In reply to harold walmsley:
Ok I think I can see here the confusion lays here.
I will explain later, however I still ascertain that:
- As compared to pulling a sling in opposite directions from single points, when loading it so that one of the load points forms an angle between the strands of the sling greater than 0, this does indeed increase the tensional force in the sling. (you refuted this occurred below 120 degrees)
- The greater the angle (up to 180 degrees) the greater the multiplicative factor and that this increases exponentially to infinity at 180 degrees.
- There is no magical value of 120 degrees where less than this value the tensional force in the sling does not increase
- In fact 120 degrees applies double the tensional force to the sling
- 160 degrees applies a multiplication of approx. 5.75 (truncated) as I previously stated but refuted by Harold.
Right now on to where the confusion lays. The UIAA rating for slings (
http://www.theuiaa.org/upload_area/Safety/Standards/Safety-Standards-Pictor... ) is not the tensional force per strand of the sling either side of the pull points. The kn stated are the force it takes to pull the sling apart. This is why I was considering the sling as a single unit when coming to my formulae for calculating the forces on the sling, so we could compare it to the rated strength of the sling in the example given. Much the same as a rope is made of strands but we generally consider the strength of the rope not of the strands.

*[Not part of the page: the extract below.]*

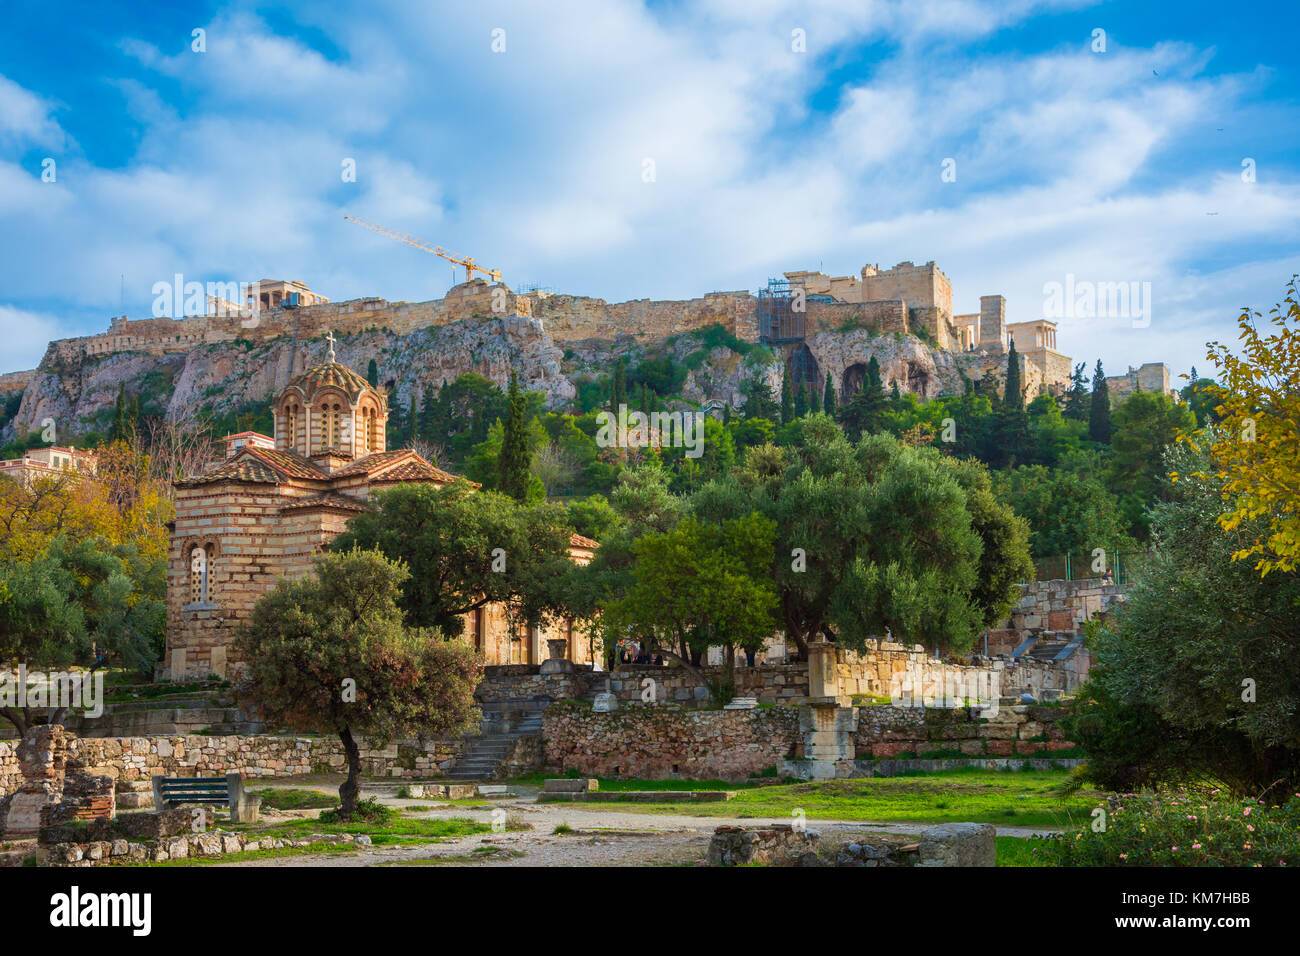 Acropolis con il Partenone. Vista dal mercato antico (agora) con le rovine dei famosi classici della civiltà greca, Atene, Grecia. Foto Stock
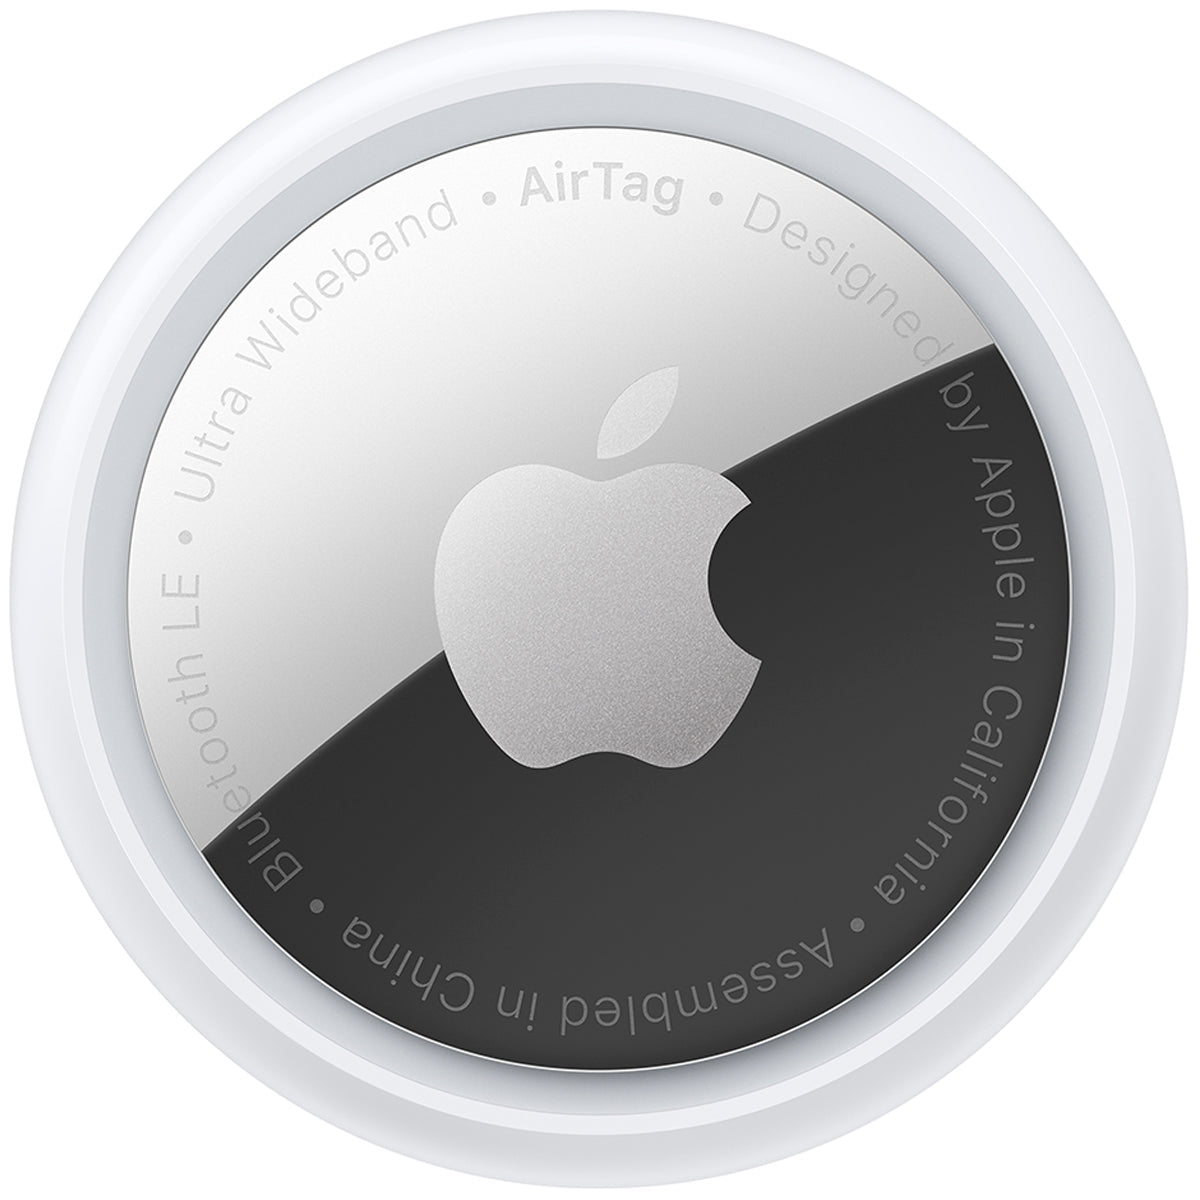 O AirTag da Apple, é ideal para rastrear objetos perdidos. Anexe-o a chaves, carteiras e muito mais, e use o aplicativo 'Localizar' para mantê-los sempre ao alcance.

The tension of the sling considered as a single unit in the setup shown in the UIAA diagram is 22kn. However if we consider the strands either side of the sling ( or indeed the tension within the strand that makes up the sling in a frictionless setup) I would agree the formula changes and we would expect it to be approximately 11kn in the set up shown and agreeing with Harolds formula. However bear in mind a dyneema sling rated to 22kn, as a single unconnected strand has approx. breaking strength of 16 kn. Also that doesn't mean that the tension in the strand that makes up the sling is rated to 22kn, it is not.
Anyway the divide by 2 the Harold added matters not to the calculation of my multiplicative forces as all it does is divide every result by two and the values I calculated remain the same.
I will prove that my original calculations on how forces are multiplied at various angles are correct. I will do this using Harold's Formula and a weight of 1KN.
T/P=1/[2cos(F/2)] (given by Harold)
Ok a pull in opposite directions gives an angle of 0
So Tension in the strand of the sling is
1/2*cos(0) = 0.5 this is our base case
An angle of 90
1/2*cos(45) = 0.707
An angle of 120
1/2*cos(60) = 1
An angle of 160
1/2*cos(80) = 2.879
An angle of 180
1/2*cos(90) = infinitiy
As you can see, as the original tensional force in the strand was 0.5 the multiplicative factors on the tensional forces are 1.414 for 90 degrees 2 for 120 degrees and 5.75 for 160 degrees as I previously stated. Also you can see that as soon as any angle is added between the strands the tension in the sling increases and that this increases exponentially, there is no magic angle (120 degrees for example ) that below this increase does not occur (the only angle with none is zero)
I hope this clears things up
Post edited at 11:23